I know for a fact that many of my “super-woke” friends went through stages of life when they were not super-woke. When people are raised in conservative networks, that is the place where they need to start down a road of critically assessing what they were taught.

Thus, if conservative people start to think more carefully about the strengths and weaknesses of standard evangelical arguments, I try to give them the benefit of doubt. I know both from my historical study and from personal experience that stronger arguments often win out.


Of course this doesn’t always happen. But this is not because evangelicals are immune to argument, even if we “know” they're immune, based on our stipulated definitions of their essence. Yes, pressure to conform is real with evangelicalism.  But this is a two-edged sword because it can create equal and opposite pressure to leave.
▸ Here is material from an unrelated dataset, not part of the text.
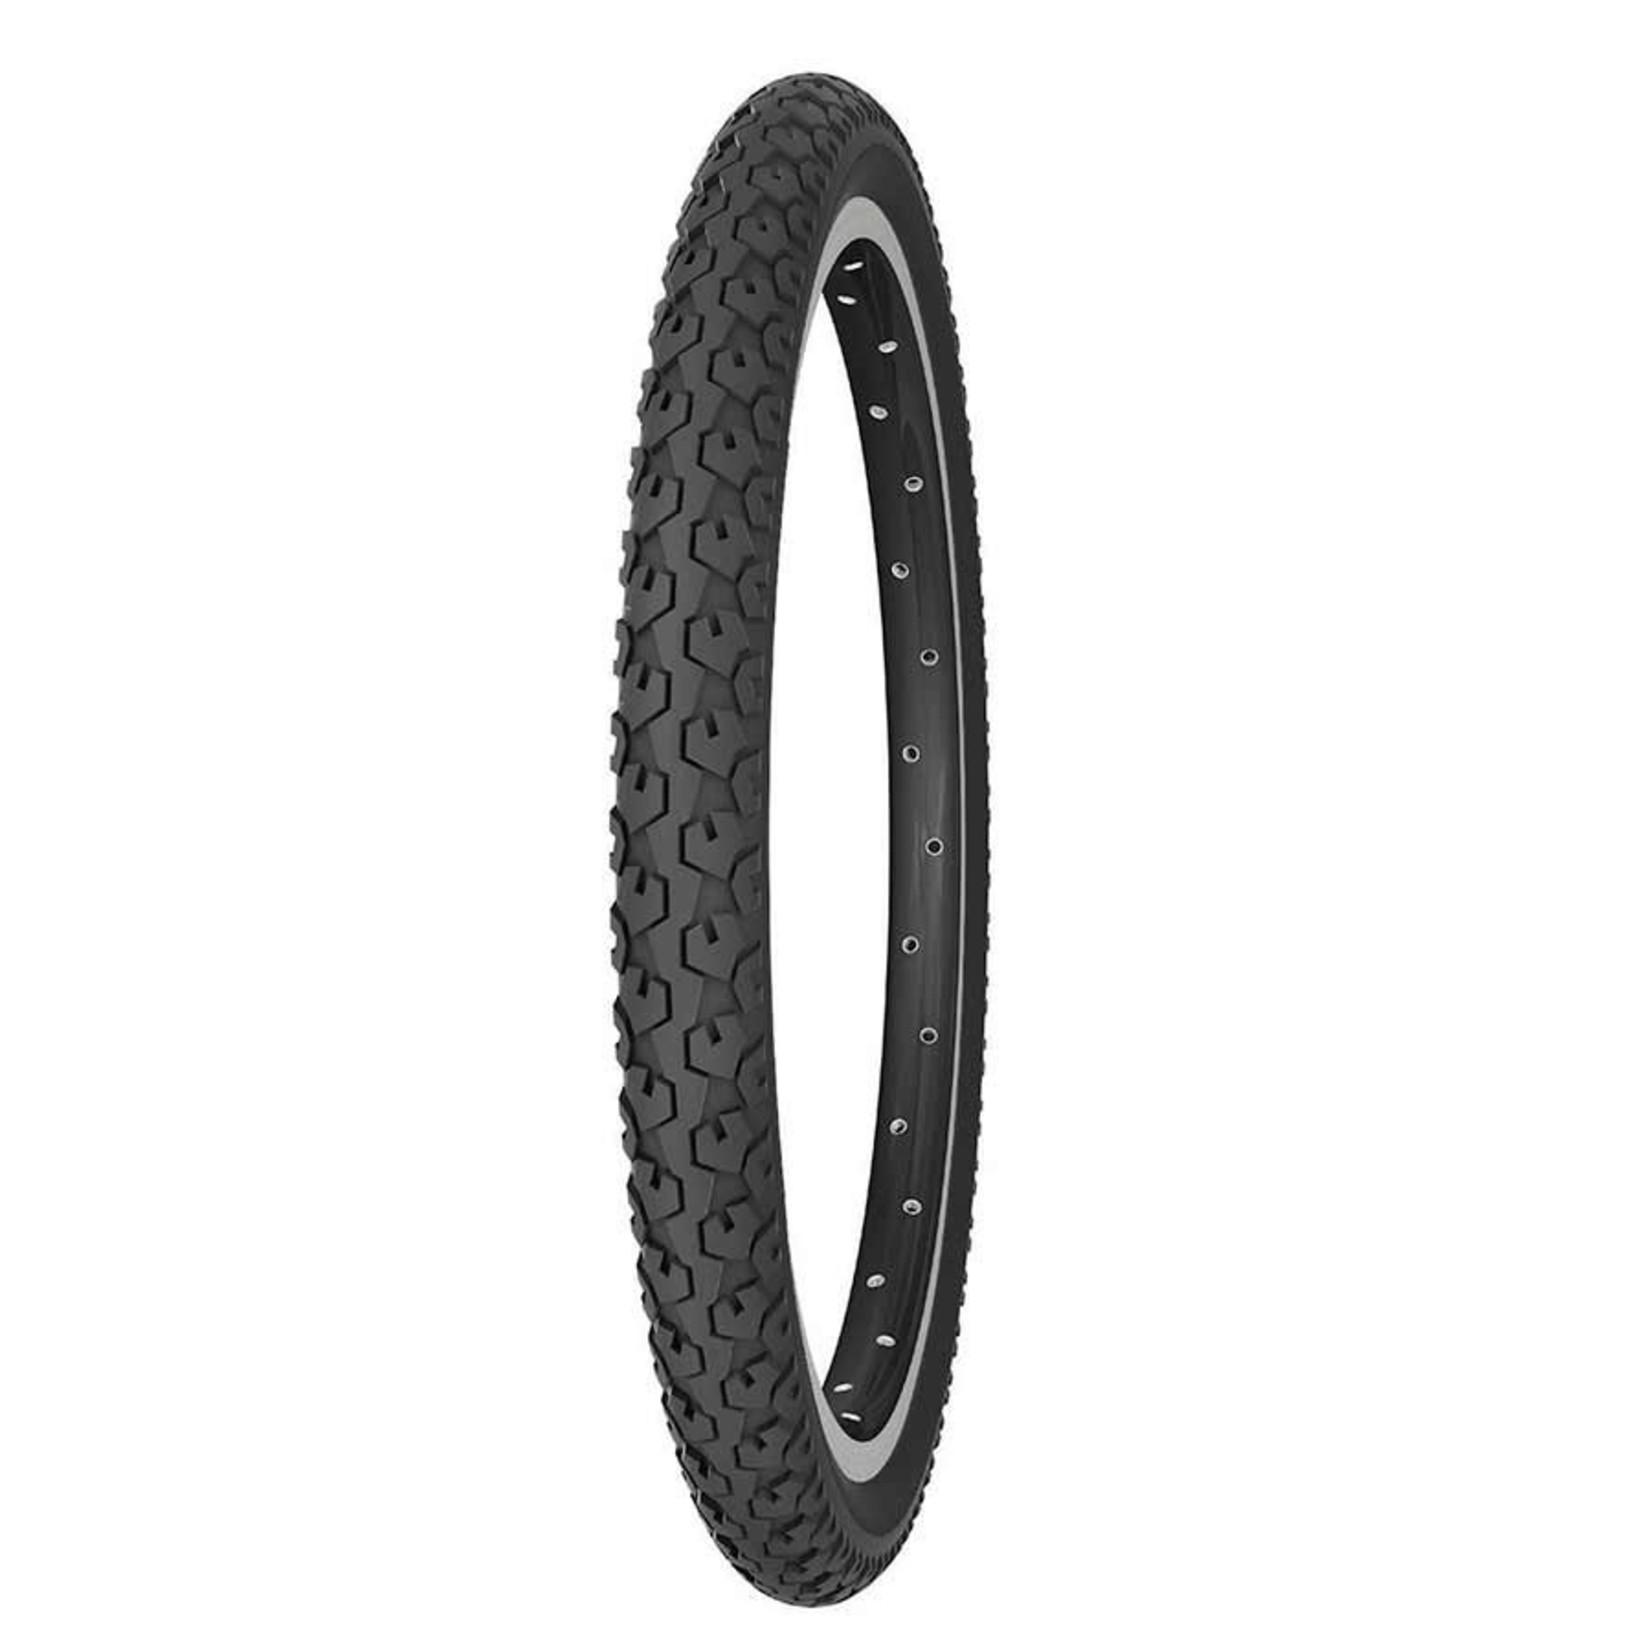 Michelin Michelin Country Junior Wire Bead Tire, 20x1.75
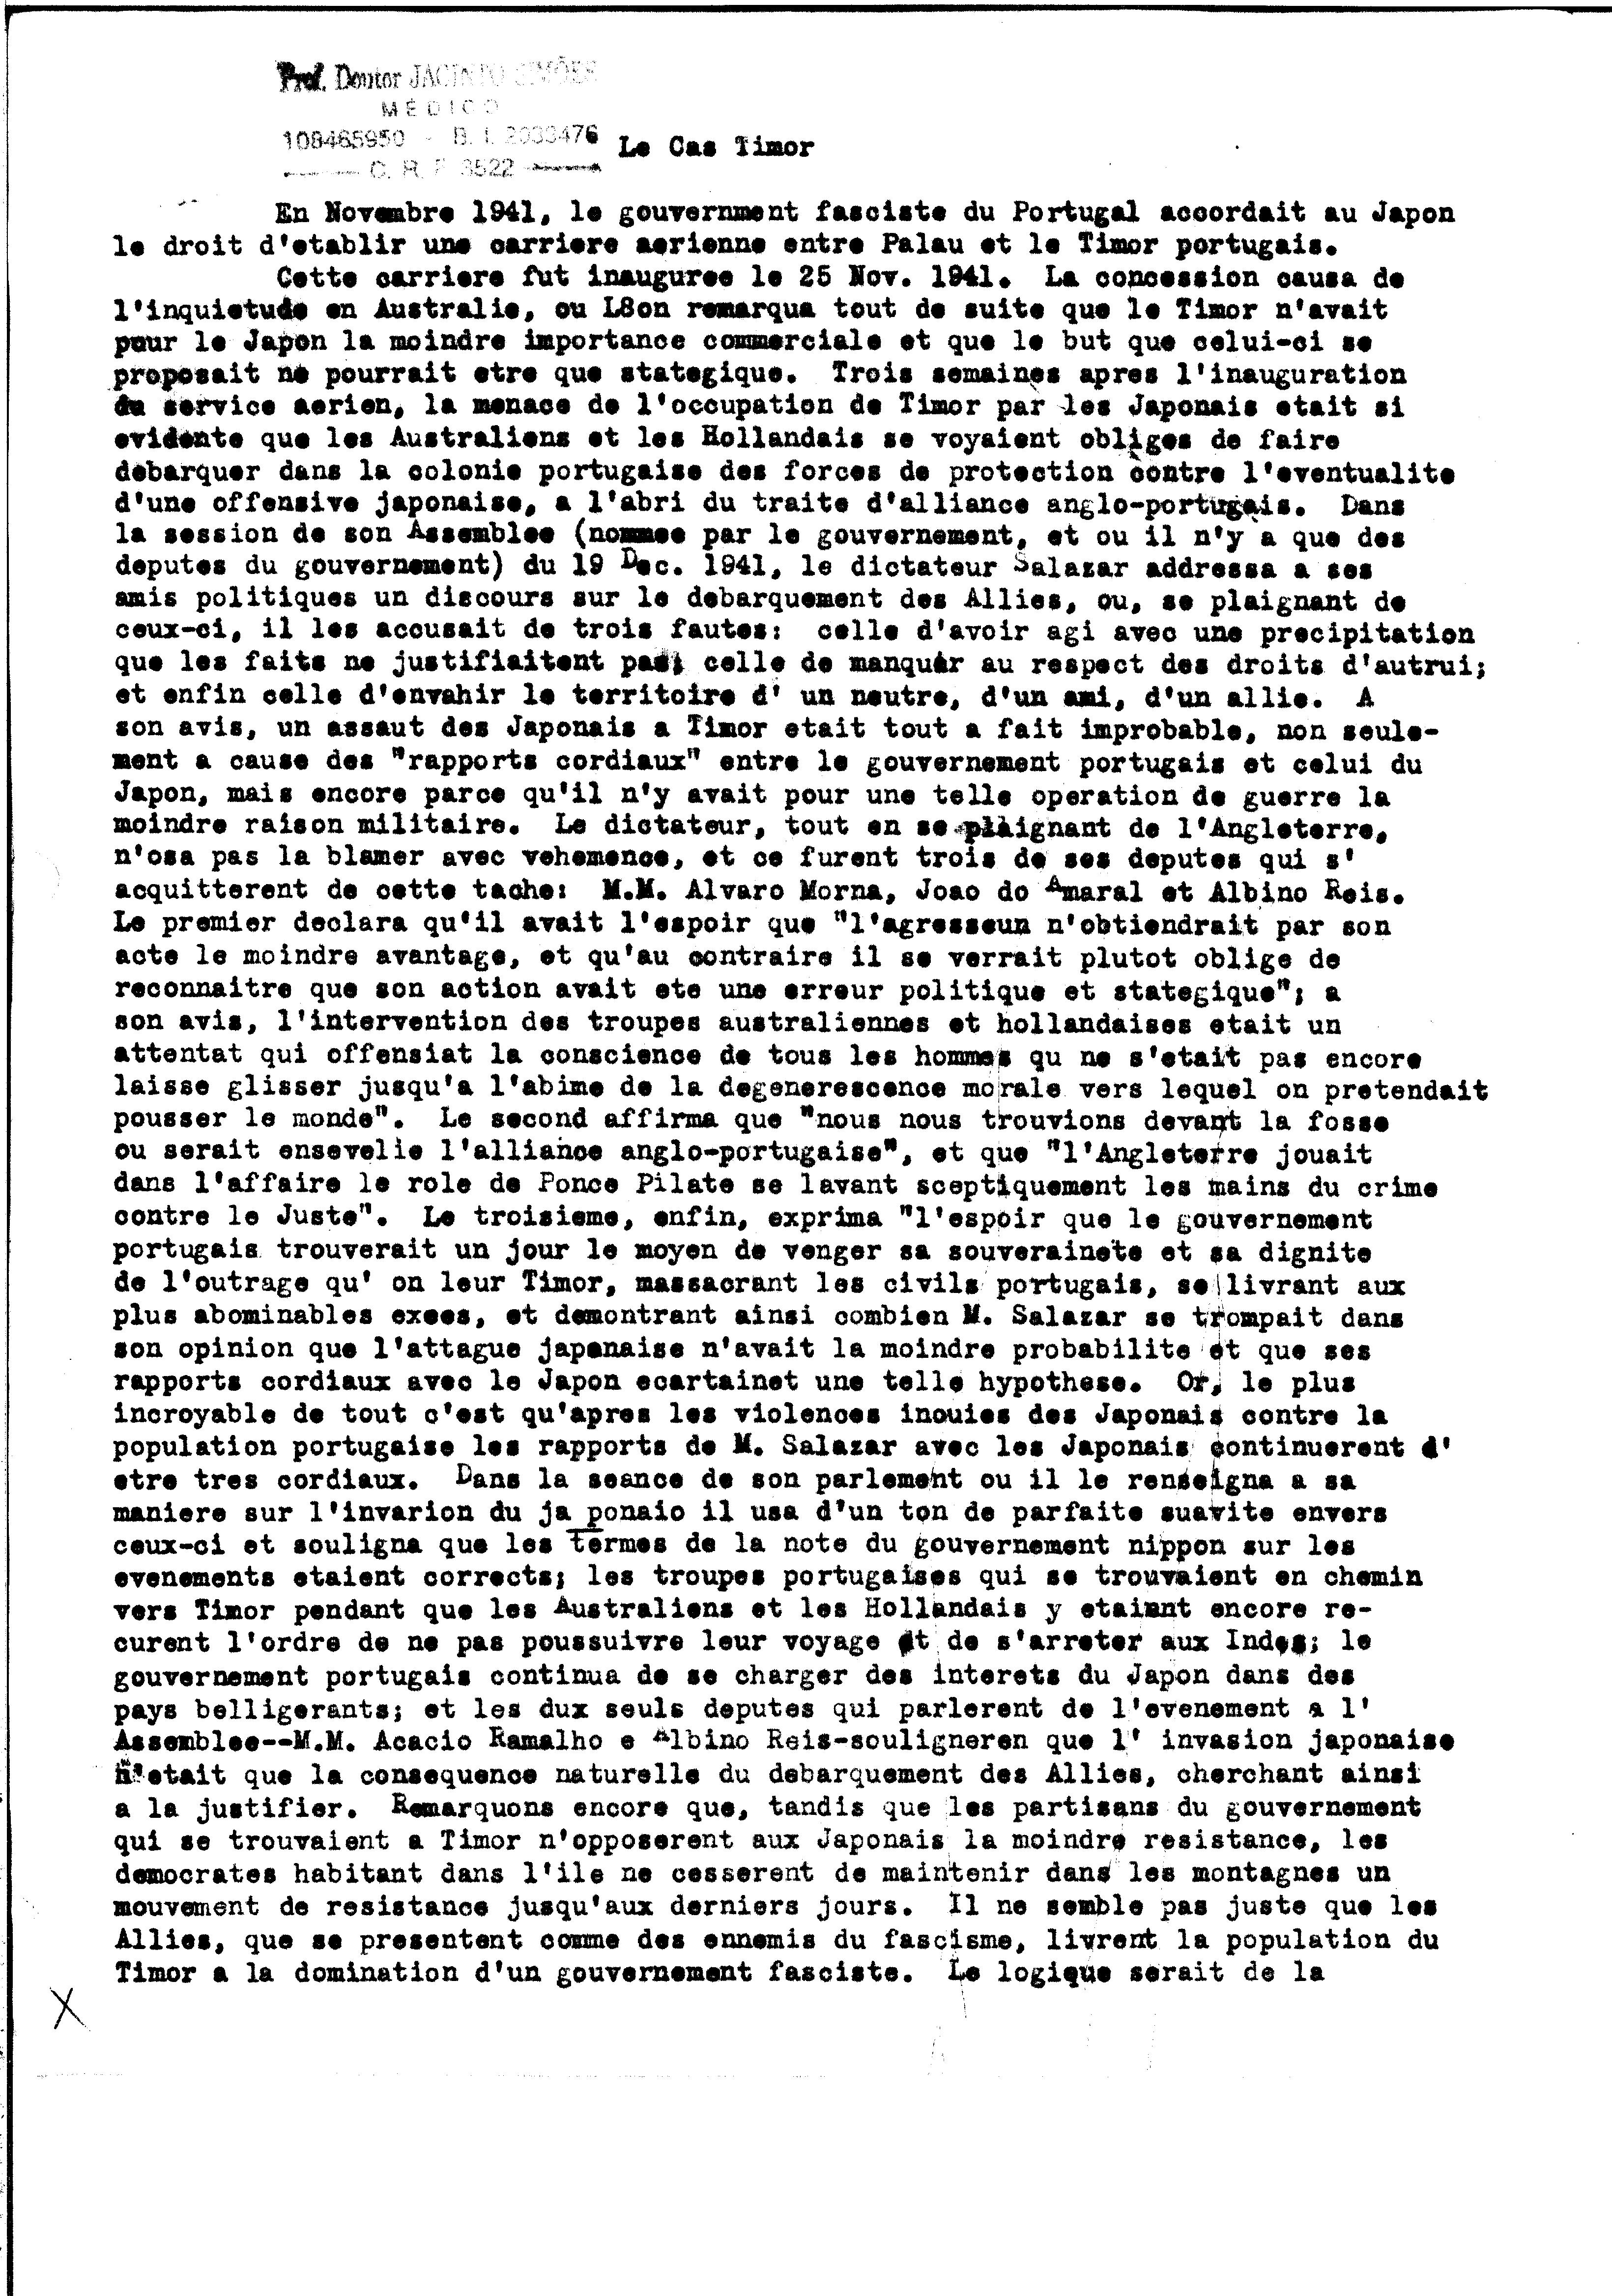 02967.007- pag.1

By saying what I just said, I do not take a backseat to anyone in my frustration with many people in CT’s world. I want to be civil—but, honestly, how long should it take intelligent adults to discern that they can say out loud that Trump is unfit for office? And don’t get me started about other places I disagree with centrist evangelicals—especially their tendency to sneer at other kinds of Christian commitment and judge it irrelevant to (their own) real Christianity.


It’s just that I can remember how my own seven-year-old mind managed, with whatever sincerity that was relevant for me in 1964, to learn from an evangelical subculture that Barry Goldwater was cooler than Lyndon Johnson. I soon got over that lesson by learning more—but how and why I learned was not fully under my control, either at age seven or even seventeen.


Much of what I learned was “insular,” just as the left critics insist. It was also deeply entangled with other dubious strands such as God blessing US imperialism. But on the other hand, I also learned a a lot of my dissent, especially about economic injustice, from evangelical discourse. This was a language I was taught to speak.


Being raised to take my place as a white Republican evangelical did not stop me from rethinking it. On the contrary, evangelicalism--at least as I experienced it--pressed me further and further—first toward the margins of evangelicalism and soon out of it. The more I learned the faster I moved. For a brief moment some of the smarter intellectuals in CT’s orbit kept me in their fold. Soon I moved on to ideas I found more persuasive.


This really should not be hard to understand. In real life, lived religion is like speaking a complex language in which one can debate about values. Being fluent in a language does not lock you into one argument or set of priorities, even if there are dominant patterns from place to place, as well as pressure to conform. Anyone who wants to move away from a given pattern, or toward a different vernacular, likely needs to start by critiquing or translating what they inherited.


Conclusion: a Shrinking Glacier Matters Even If It Is Still Very Cold


Moving leftward from conservative Christianity is an extremely common pattern in US culture.


“Who speaks for evangelicals?” is not a question that we can resolve using stipulated definitions, ones that exclude all data that doesn’t fit under our definition. This is a debate, and people with a tin ear who mainly insult their opponents, as opposed to respecting their opponent’s process and trying to persuade them, are likely to lose the debate. Counting fractions of self-identified evangelicals does not come near the heart of the question, because the stakes of the debate are how many people will come to renounce the evangelical label, as part of our glacier with chunks calving off.


So I repeat: a non-trivial minority of evangelicals—enough to be a significant swing group—will likely switch their loyalties to the Democrats. The exact numbers that split off—whether toward the small remant of anti-Trump evangelicals or more likely away from evangelicalism toward other religious and/or secular stances—will depend in some large part on whether they perceive that left-liberal critics are treating them with nuance and respect, as opposed to stereotypes and contempt.